> [What to do]:
Could you copy exactly the lines below, beginning at the line with "Coral Shorts | Black Coral Shorts | Black" and stopping after the line with "Basil Spence Grattacielo Regno Unito Sfondo", with no pictures?

> [Data]:
☆ ☆ ☆

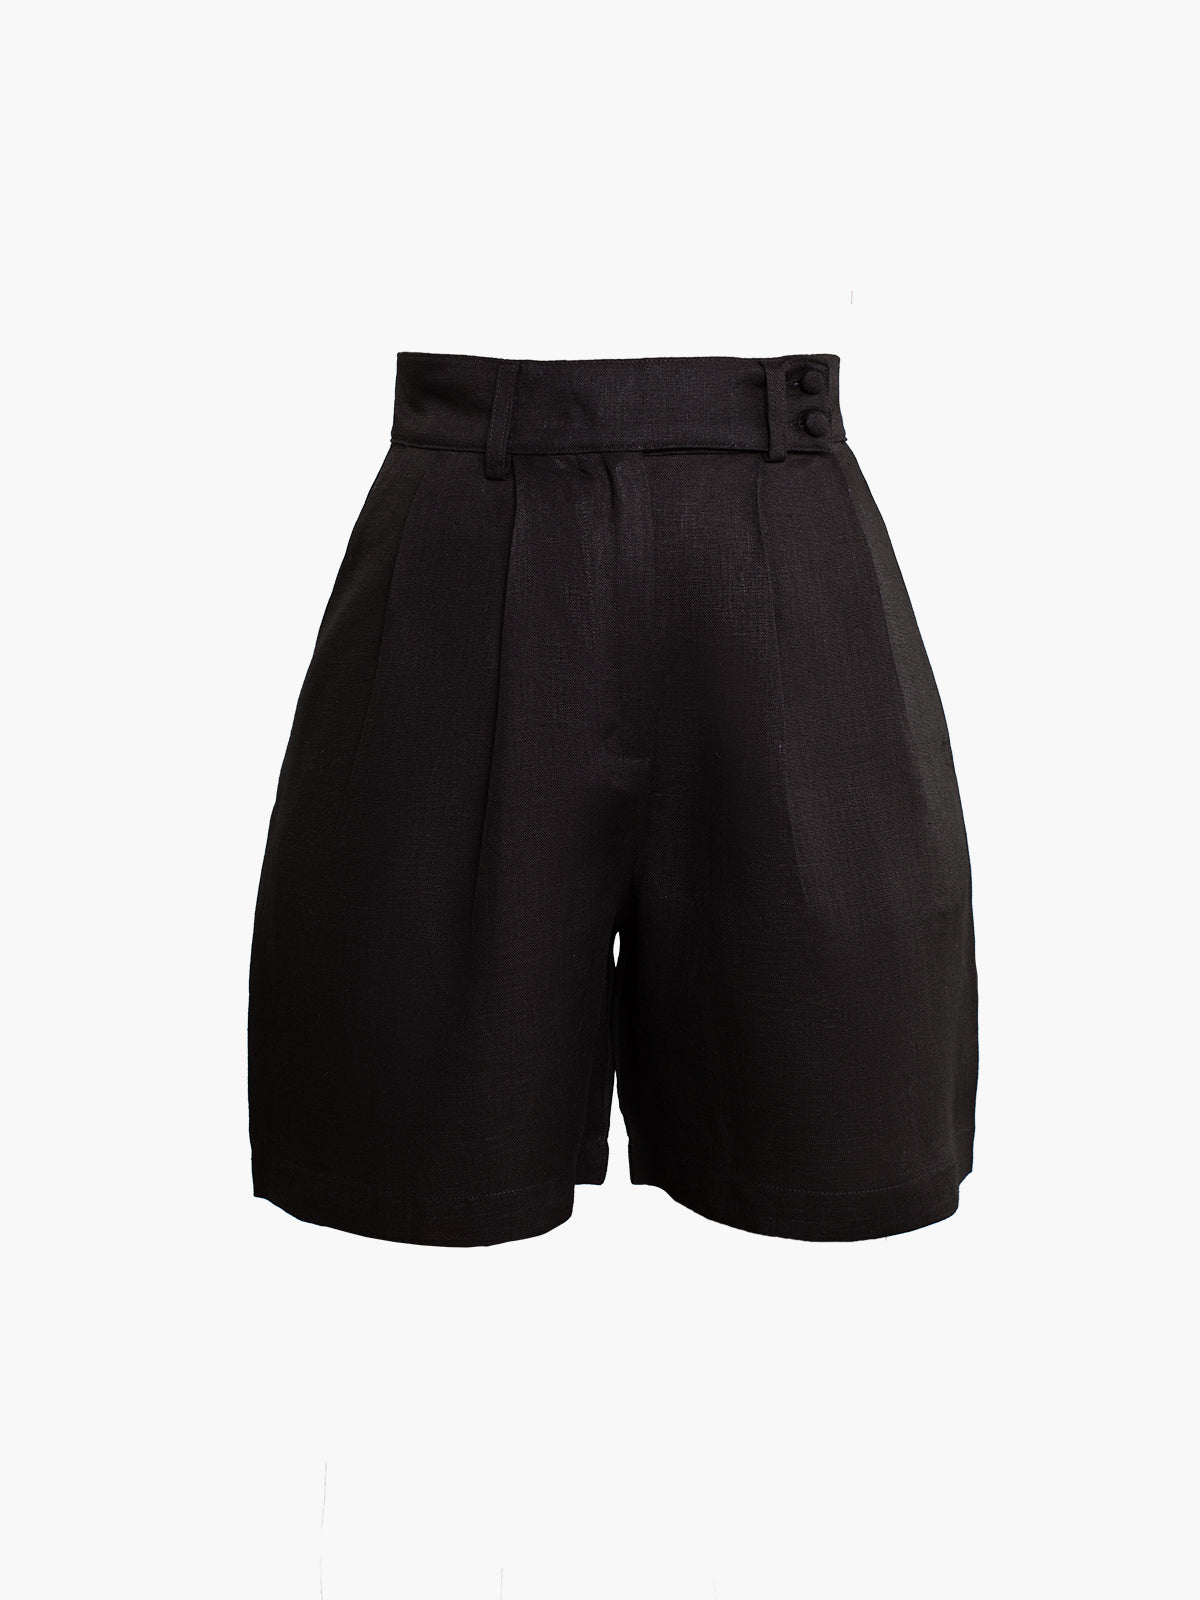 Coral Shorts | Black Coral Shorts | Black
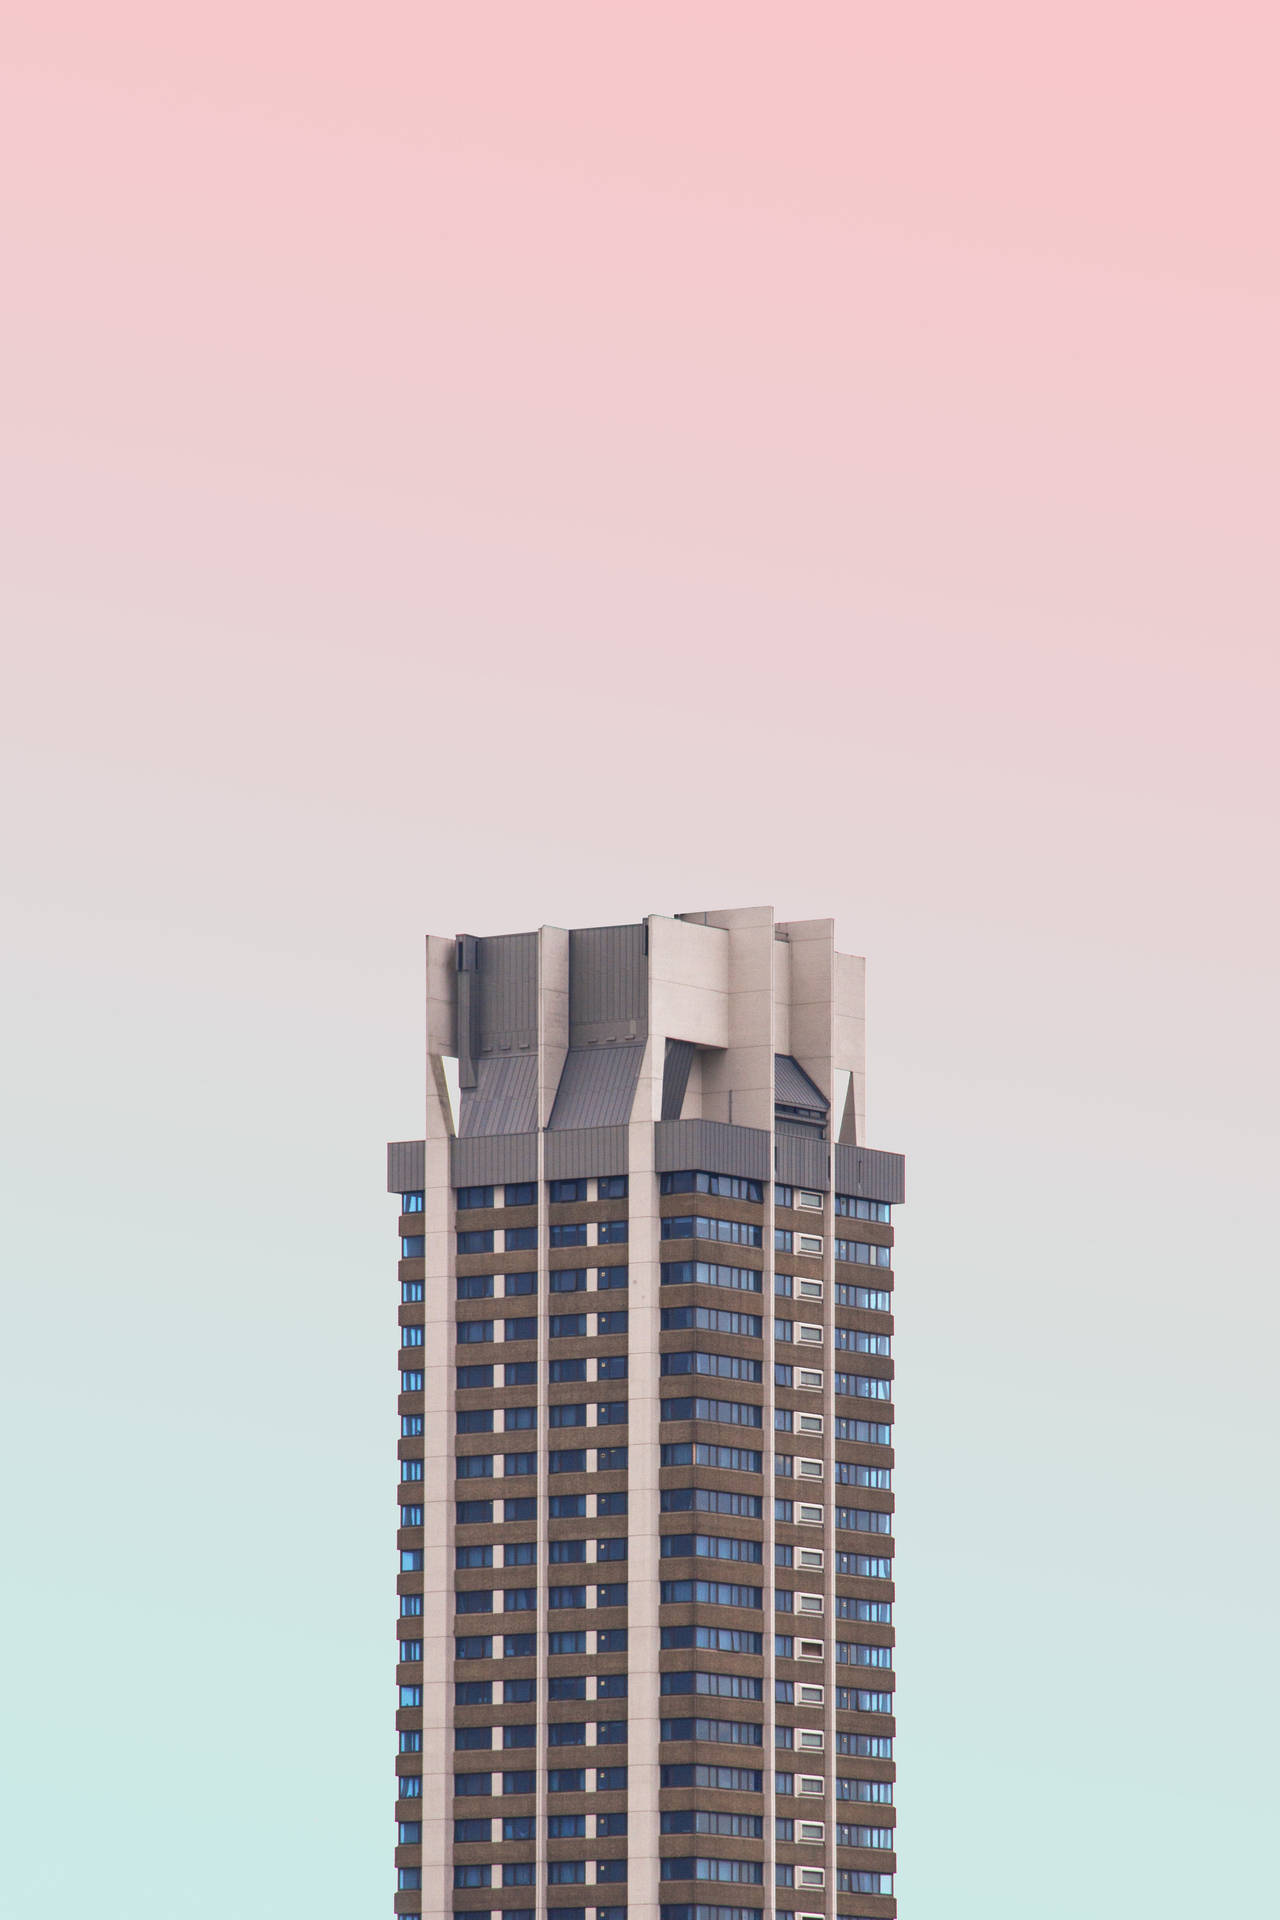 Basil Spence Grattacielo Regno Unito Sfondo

☆ ☆ ☆

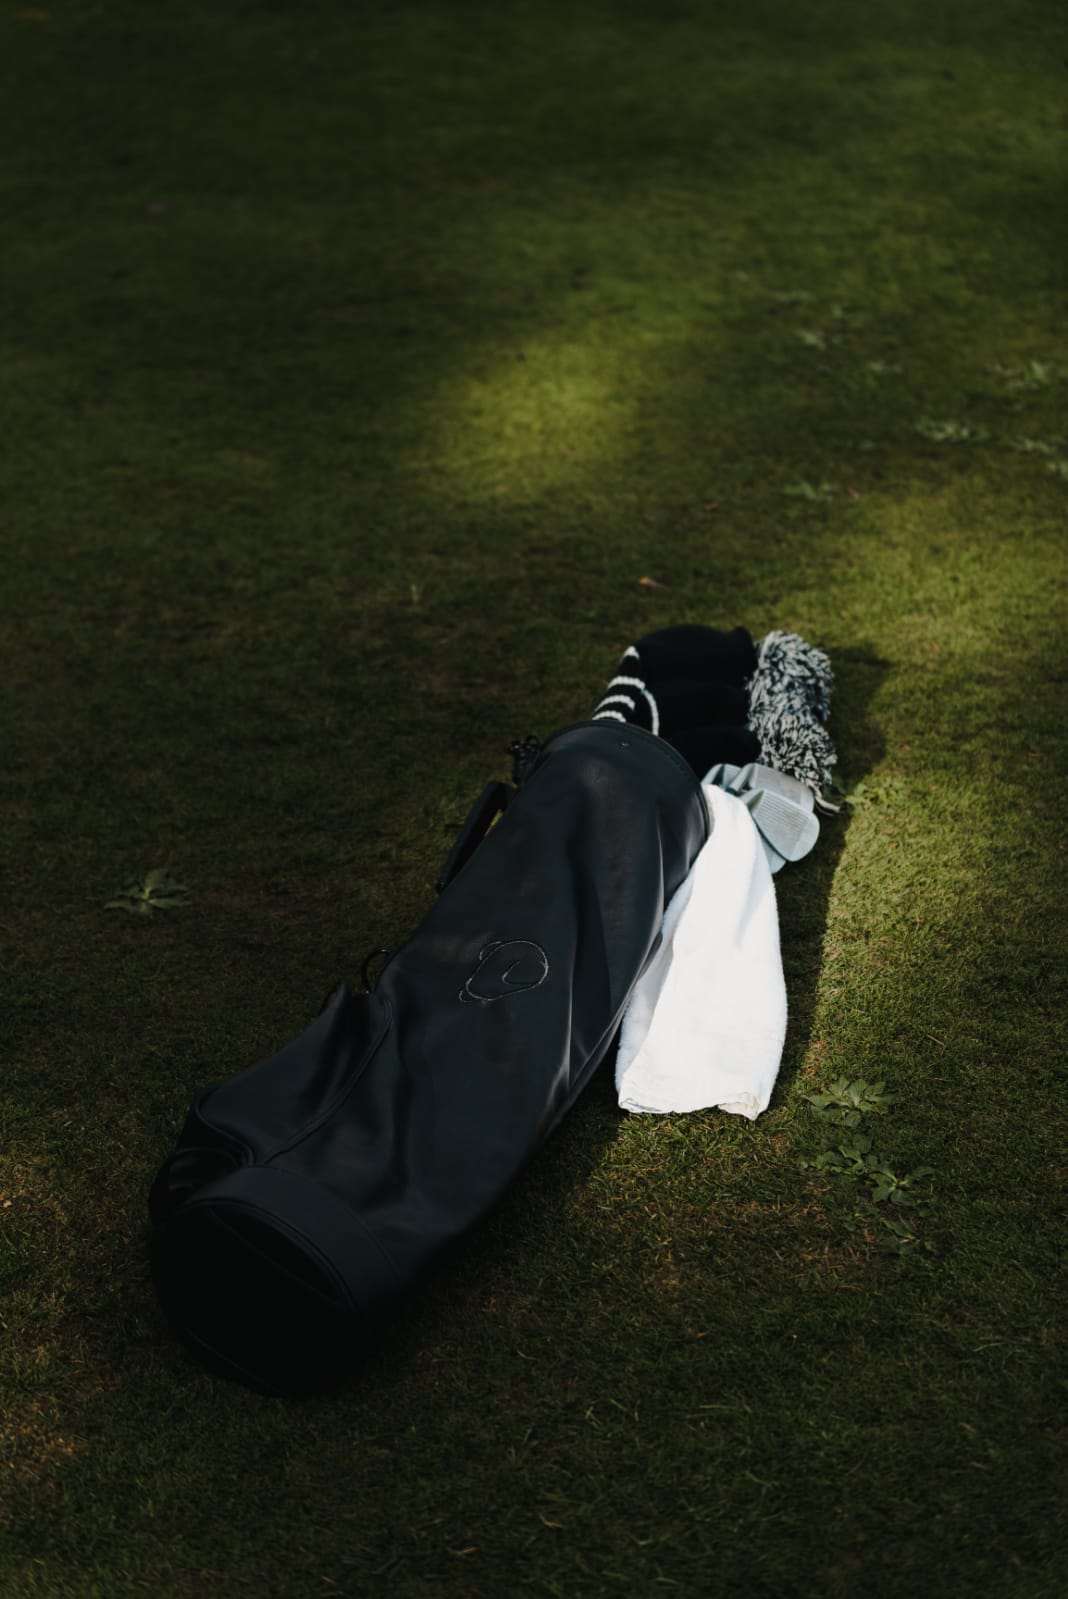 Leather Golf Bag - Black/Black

☆ ☆ ☆

> [Task solution]:
 Coral Shorts | Black Coral Shorts | Black
 Basil Spence Grattacielo Regno Unito Sfondo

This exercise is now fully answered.